Here's the testcase, with the sample code between the lines and the output
following:
 
_____________________________________________________________________
## Set up three different vectors, each with the numbers 0.05, 0.15, 0.25,
0.35, 0.45, 0.55, 0.65, 0.75, 0.85, 0.95
## each of which is used to select records from a dataframe based on
equality to a particular column
## The first vector is created by using a for loop
loopvector <- c()
for (i in 0:9){
loopvector <- c(loopvector, (i*0.10)+0.05);
}
## The second vector is made "by hand"
handmadevector <- c(0.05, 0.15, 0.25, 0.35, 0.45, 0.55, 0.65, 0.75, 0.85,
0.95)
## The third vector is made using seq()
seqvector <- seq(0.05, 0.95, 0.10)
## Are the vectors the same?
all.equal(loopvector, handmadevector)
all.equal(loopvector, seqvector)
print(handmadevector)
print(loopvector)
print(seqvector)
## As a simple testcase, I create a dataframe with two variables, a varA of
dummy data, and bBins
## which is the column on which I was trying to filter.
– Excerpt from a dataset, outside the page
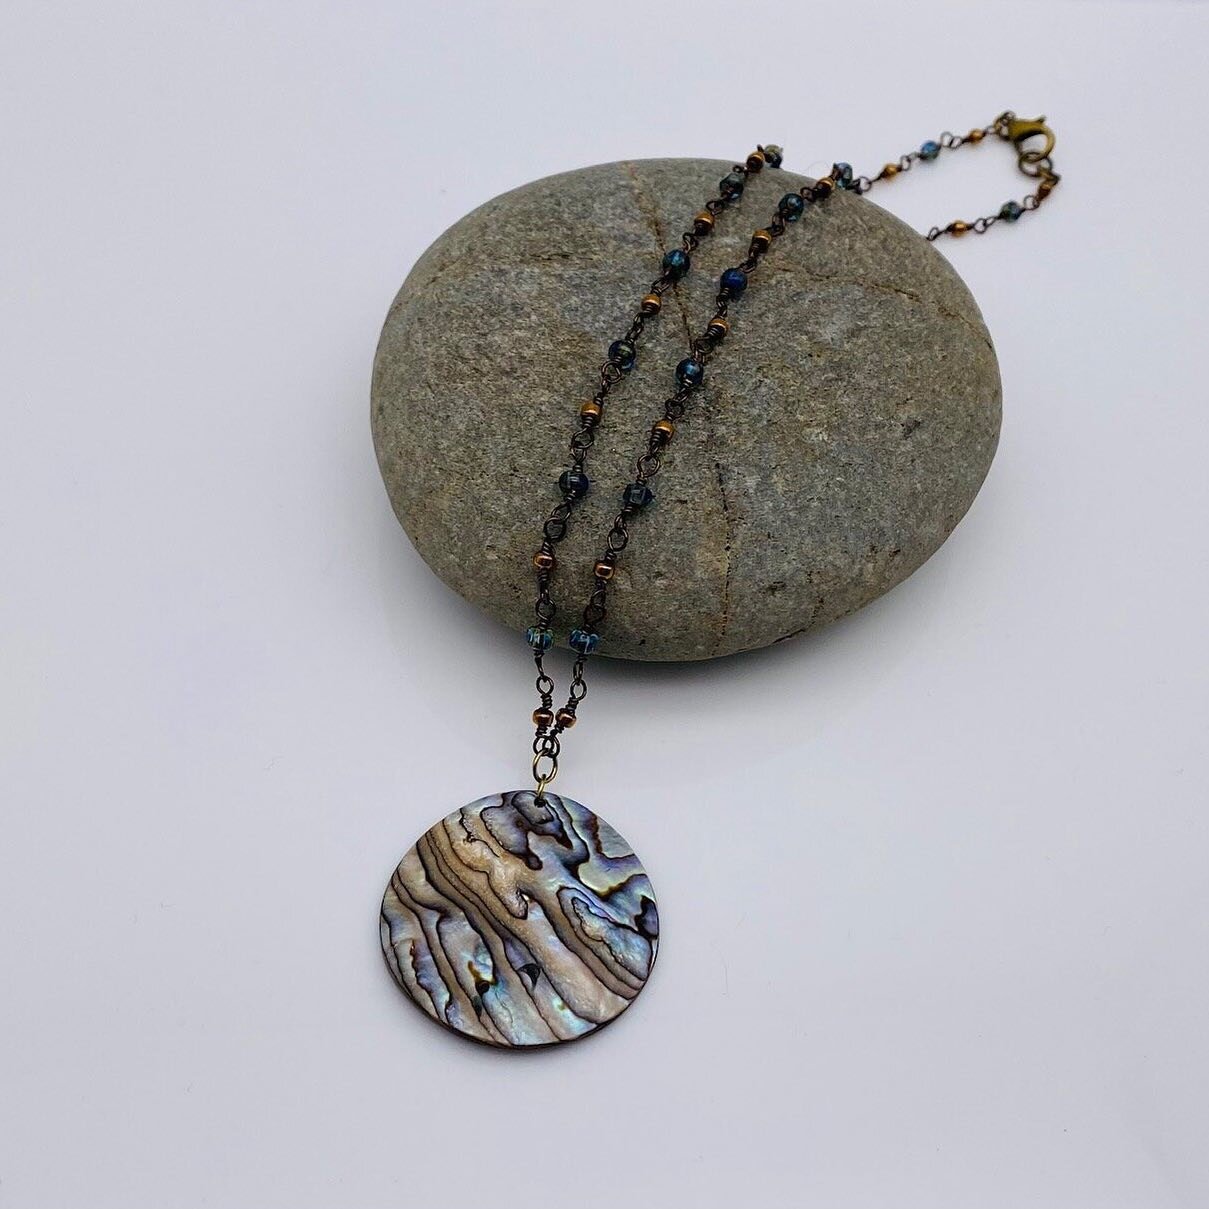 Often used in metaphysics to provide tranquility by serving as a guardian of the heart, abalone shell seeks to remind us of the inner strength we all possess.

Made from bronze plated copper, an abalone shell focal reminiscent of waves hangs from a d

a <- c(0,1,2,0,1,3,4,5,3,5)
b <- c(0.05,0.15,0.25,0.35,0.45,0.55,0.65,0.75,0.85,0.95)
testdf <- data.frame(varA = a, bBins = b)
attach(testdf)
## Loop through each of the vectors, create a filter on the dataframe based
on equality with the current iteration,
## and print that number and the count of records in the dataframe that
match that number.
for (i in loopvector){
aqs_filt <- bBins==i;
print(i);
print(length(testdf$varA[aqs_filt]));
}
for (i in handmadevector){
aqs_filt <- bBins==i;
print(i);
print(length(testdf$varA[aqs_filt]));
}
for (i in seqvector){
aqs_filt <- bBins==i;
print(i);
print(length(testdf$varA[aqs_filt]));
}
 
_____________________________________________________________________
 
Here's the output from R 2.4.1 running on an Apple 12" Powerbook.
 
> ## Set up three different vectors, each with the numbers 0.05, 0.15, 0.25,
0.35, 0.45, 0.55, 0.65, 0.75, 0.85, 0.95
> ## each of which is used to select records from a dataframe based on equality
to a particular column
> ## The first vector is created by using a for loop
> loopvector <- c()
> for (i in 0:9){
+ loopvector <- c(loopvector, (i*0.10)+0.05);
+ }
> ## The second vector is made "by hand"
> handmadevector <- c(0.05, 0.15, 0.25, 0.35, 0.45, 0.55, 0.65, 0.75, 0.85,
0.95)
> ## The thirs vector is made using seq()
> seqvector <- seq(0.05, 0.95, 0.10)
> ## Are the vectors the same?
> all.equal(loopvector, handmadevector)
[1] TRUE
> all.equal(loopvector, seqvector)
[1] TRUE
> 
> print(handmadevector)
 [1] 0.05 0.15 0.25 0.35 0.45 0.55 0.65 0.75 0.85 0.95
> print(loopvector)
 [1] 0.05 0.15 0.25 0.35 0.45 0.55 0.65 0.75 0.85 0.95
> print(seqvector)
 [1] 0.05 0.15 0.25 0.35 0.45 0.55 0.65 0.75 0.85 0.95
> ## As a simple testcase, I create a dataframe with two variables, a varA of
dummy data, and bBins
> ## which is the column on which I was trying to filter.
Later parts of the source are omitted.